* Task requirements *
In the copy, keep every word of the data below and none of its pictures.

* Input data *
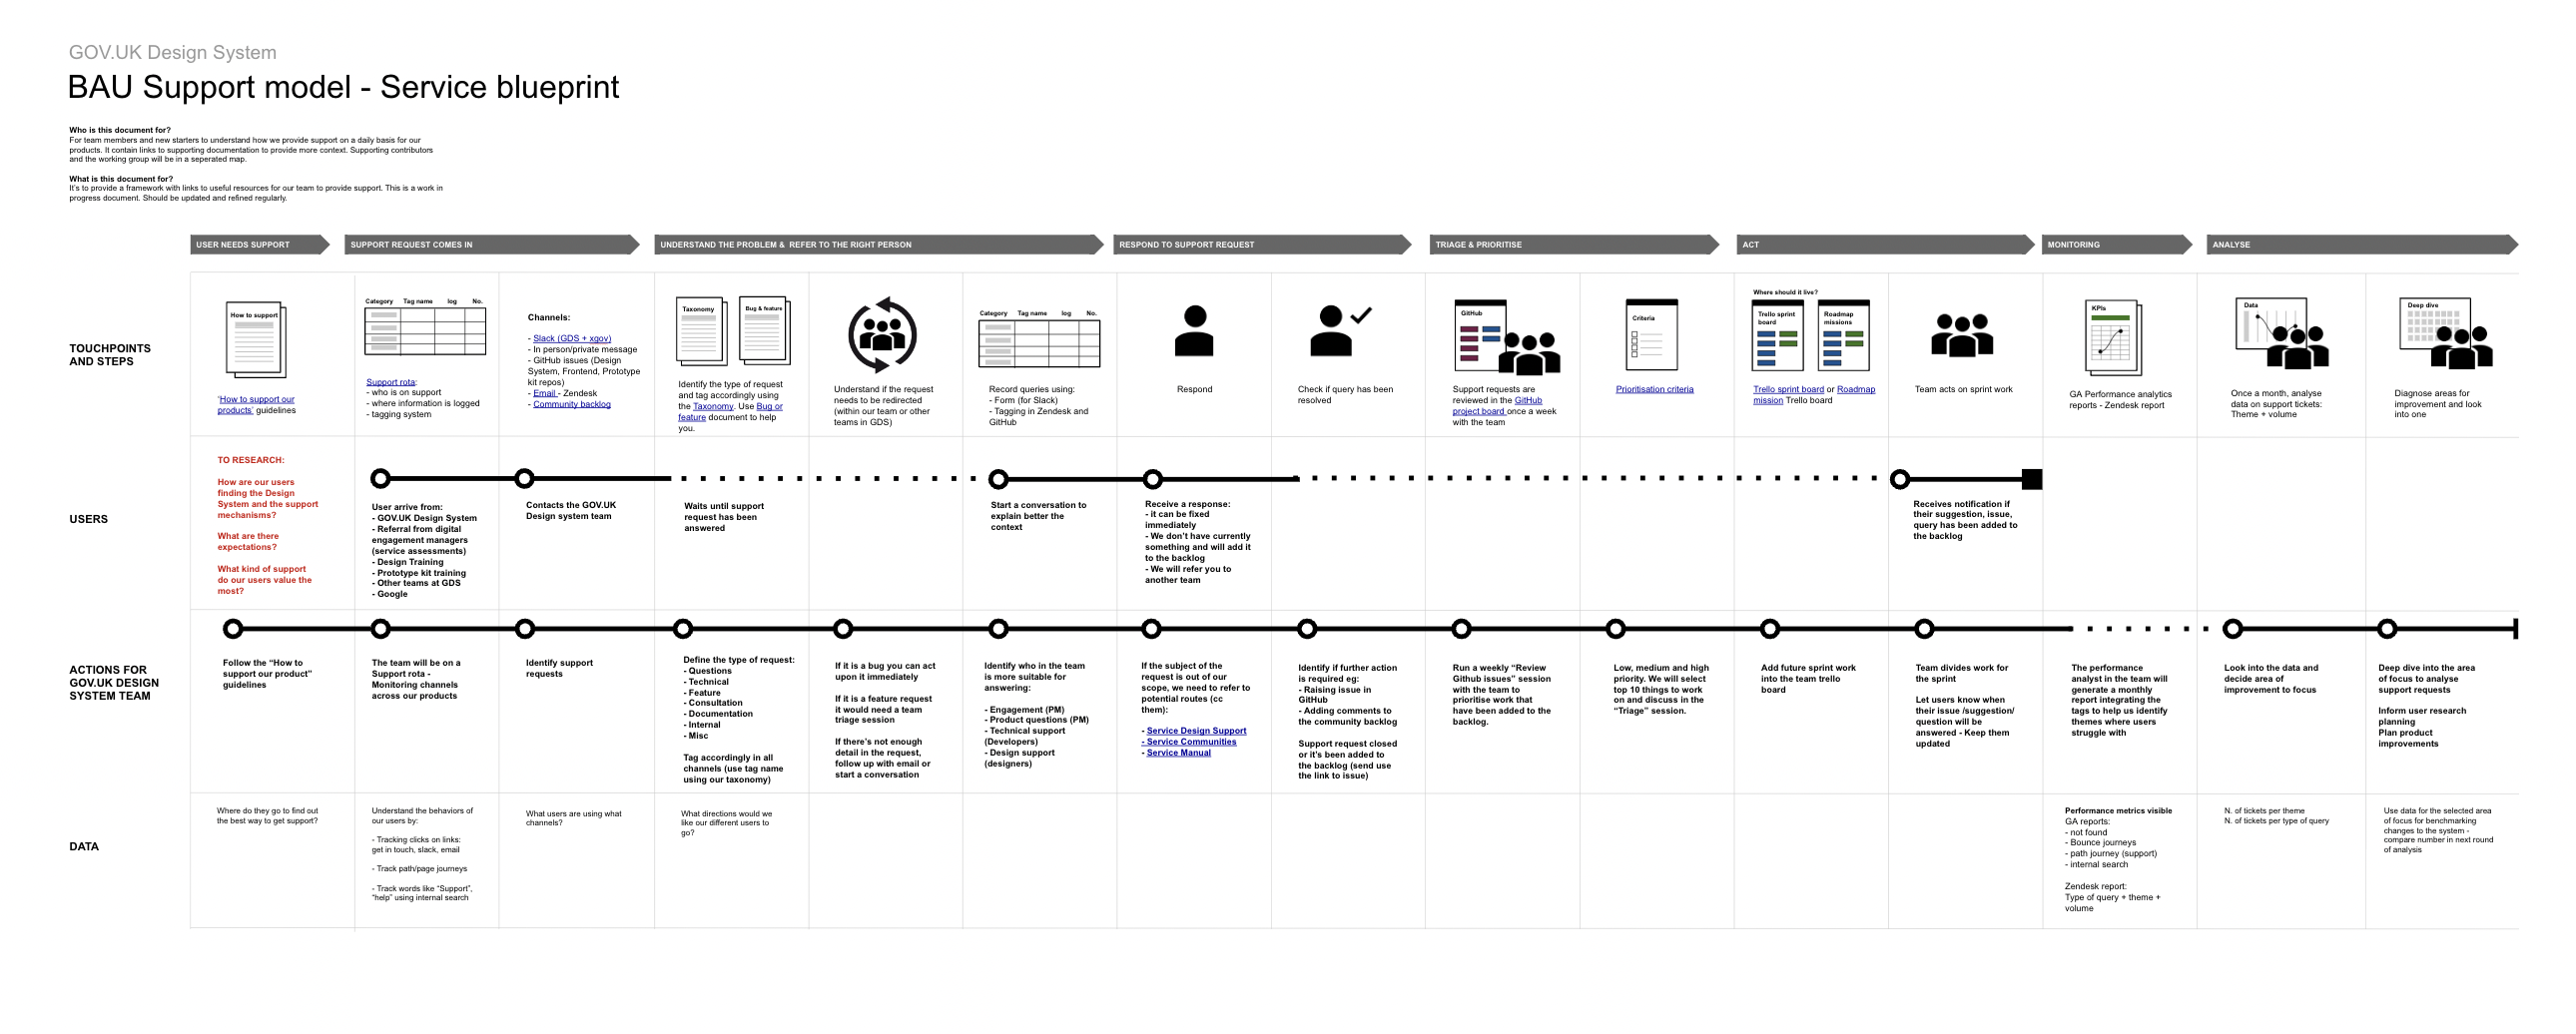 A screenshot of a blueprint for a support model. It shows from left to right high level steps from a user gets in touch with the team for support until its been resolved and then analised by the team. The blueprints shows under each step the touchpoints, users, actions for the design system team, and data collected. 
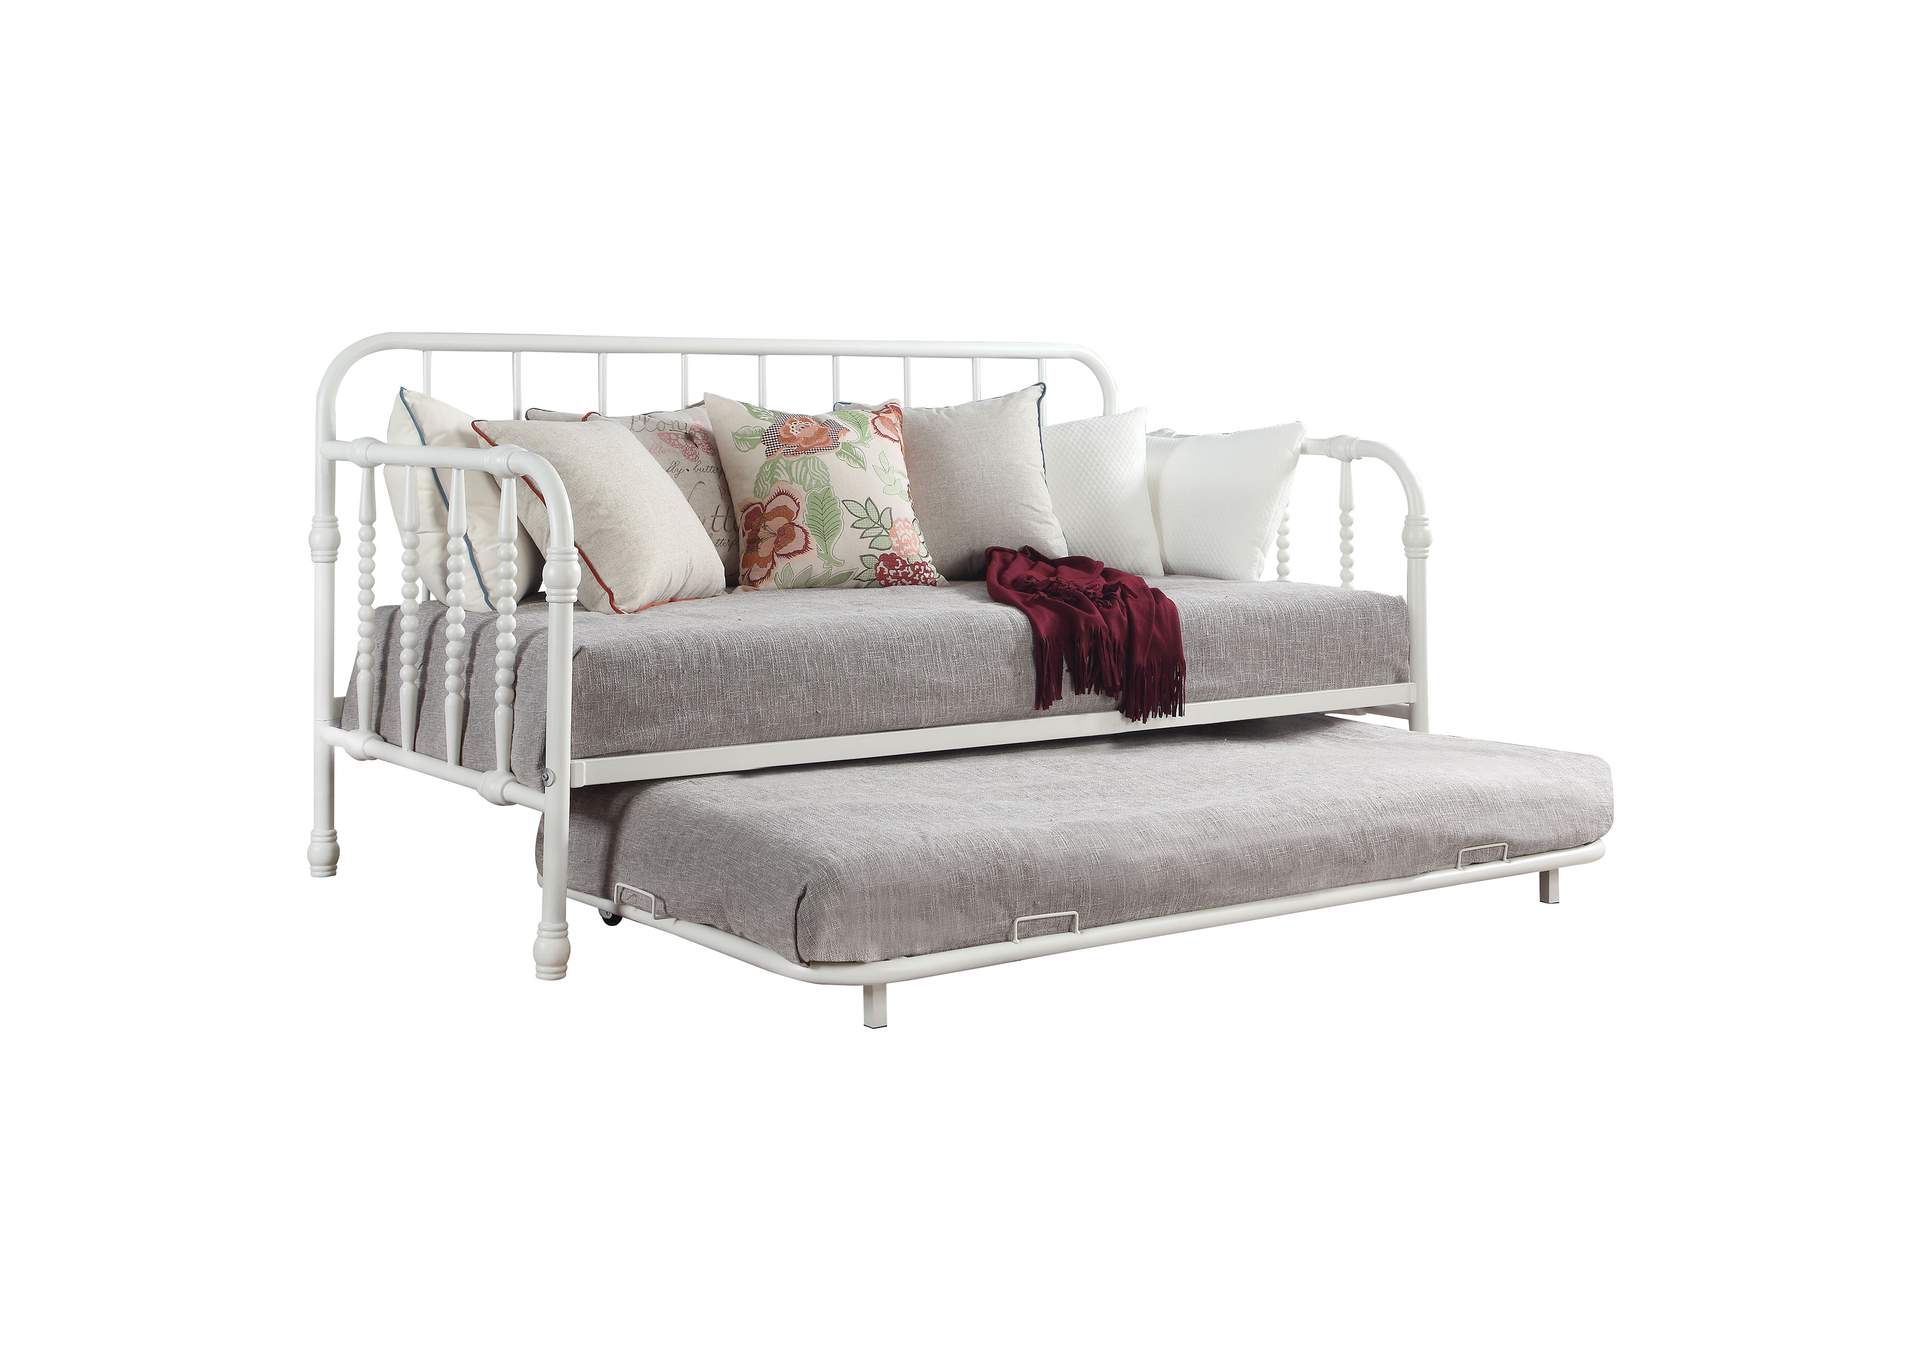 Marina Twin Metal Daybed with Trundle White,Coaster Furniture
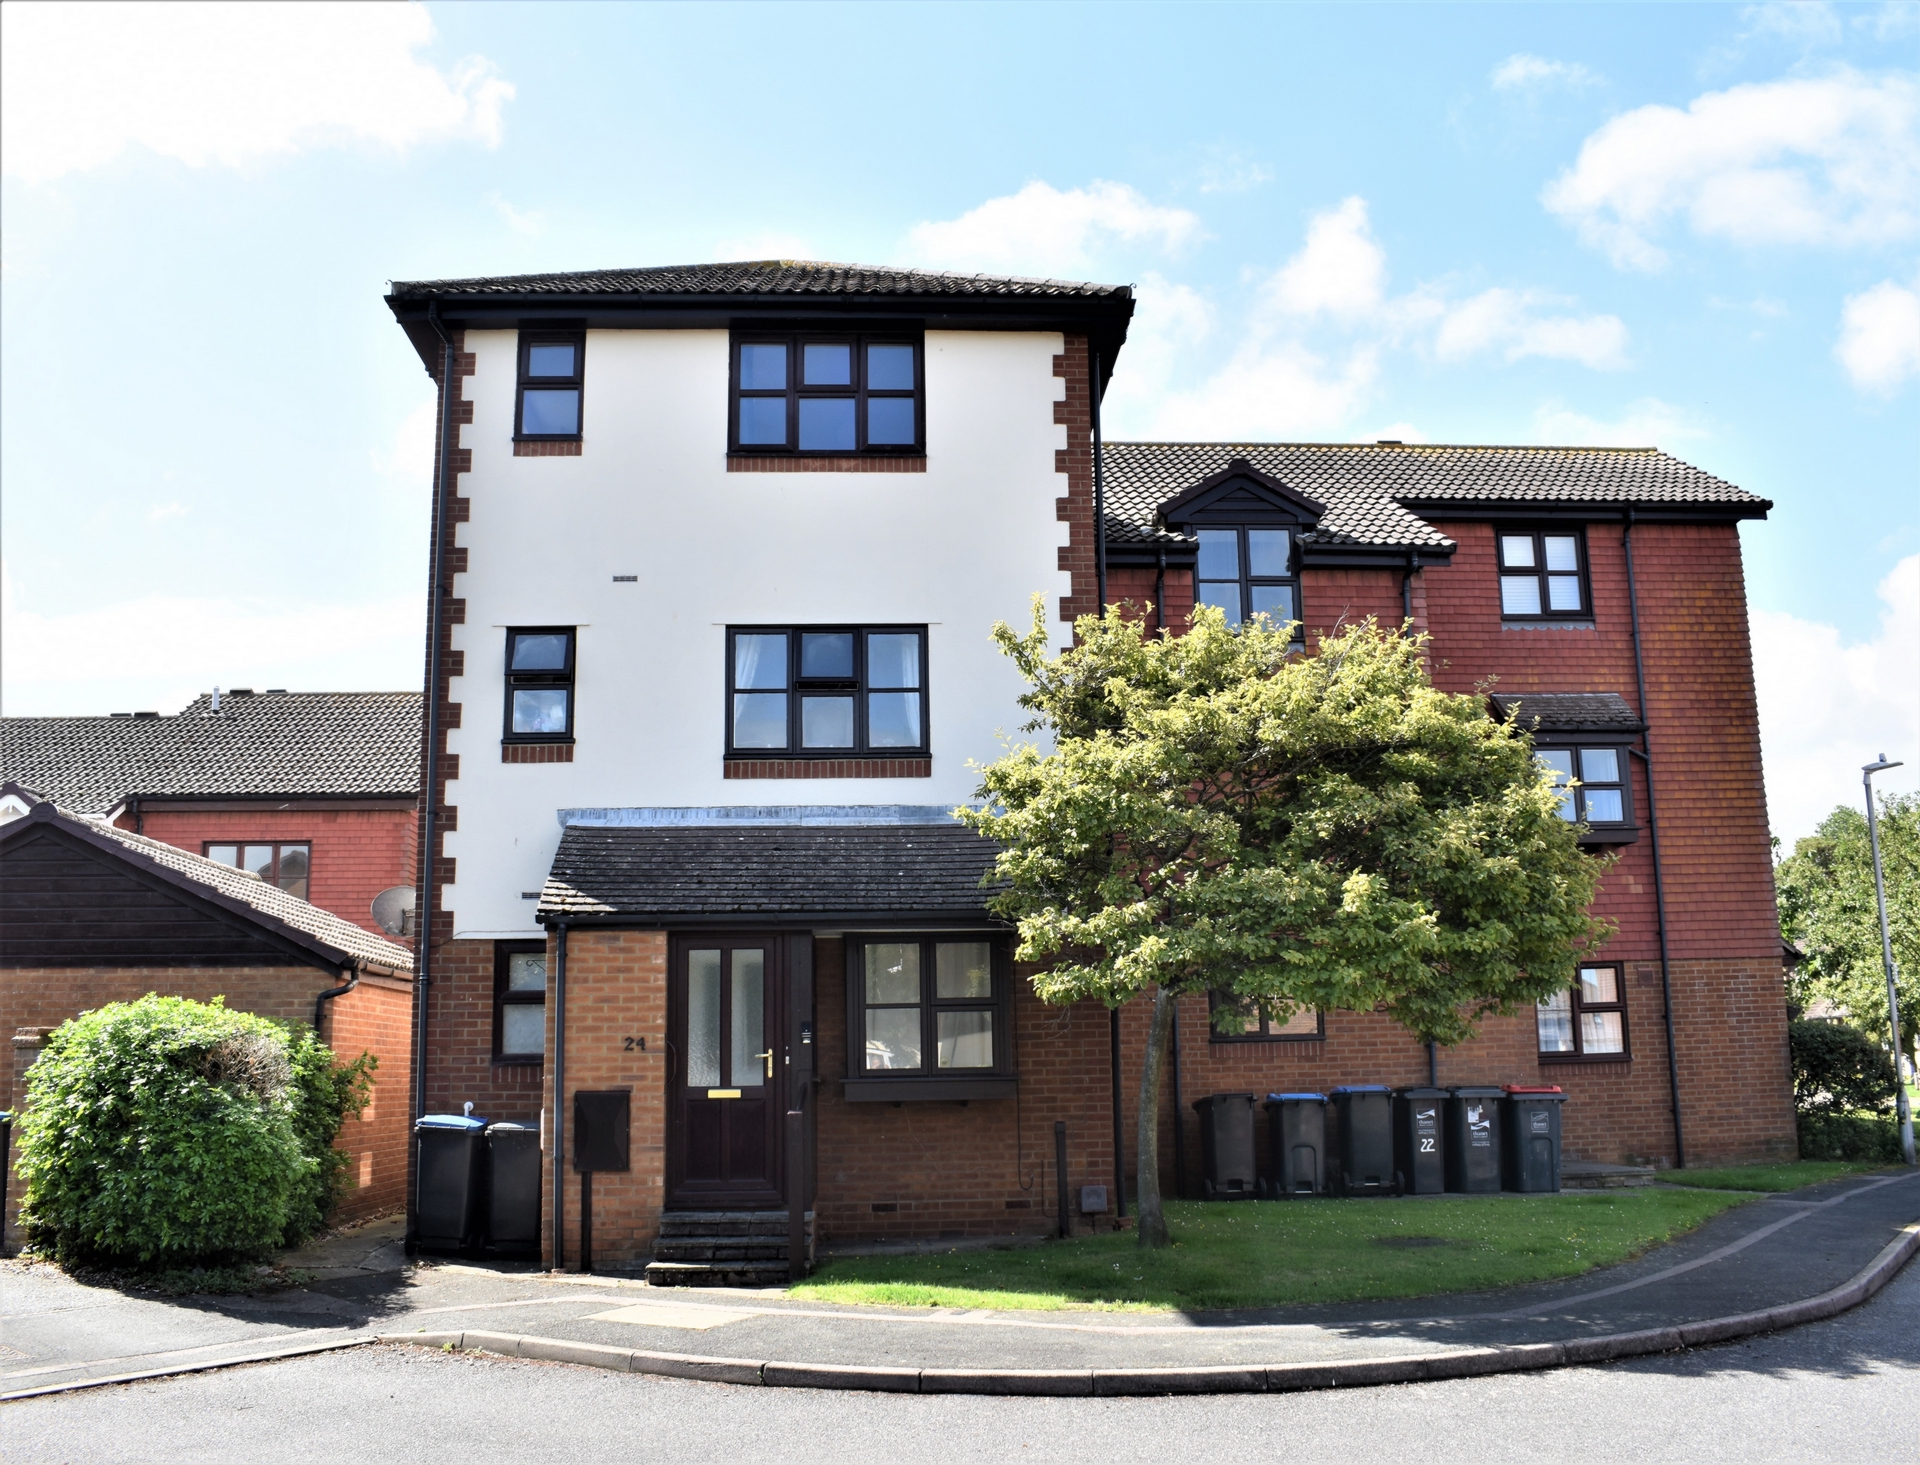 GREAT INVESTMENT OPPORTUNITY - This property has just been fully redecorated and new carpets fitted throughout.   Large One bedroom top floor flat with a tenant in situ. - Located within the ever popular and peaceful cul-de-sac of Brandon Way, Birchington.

* Answer space *
 A screenshot of a blueprint for a support model. It shows from left to right high level steps from a user gets in touch with the team for support until its been resolved and then analised by the team. The blueprints shows under each step the touchpoints, users, actions for the design system team, and data collected. 
 Marina Twin Metal Daybed with Trundle White,Coaster Furniture
 GREAT INVESTMENT OPPORTUNITY - This property has just been fully redecorated and new carpets fitted throughout.   Large One bedroom top floor flat with a tenant in situ. - Located within the ever popular and peaceful cul-de-sac of Brandon Way, Birchington.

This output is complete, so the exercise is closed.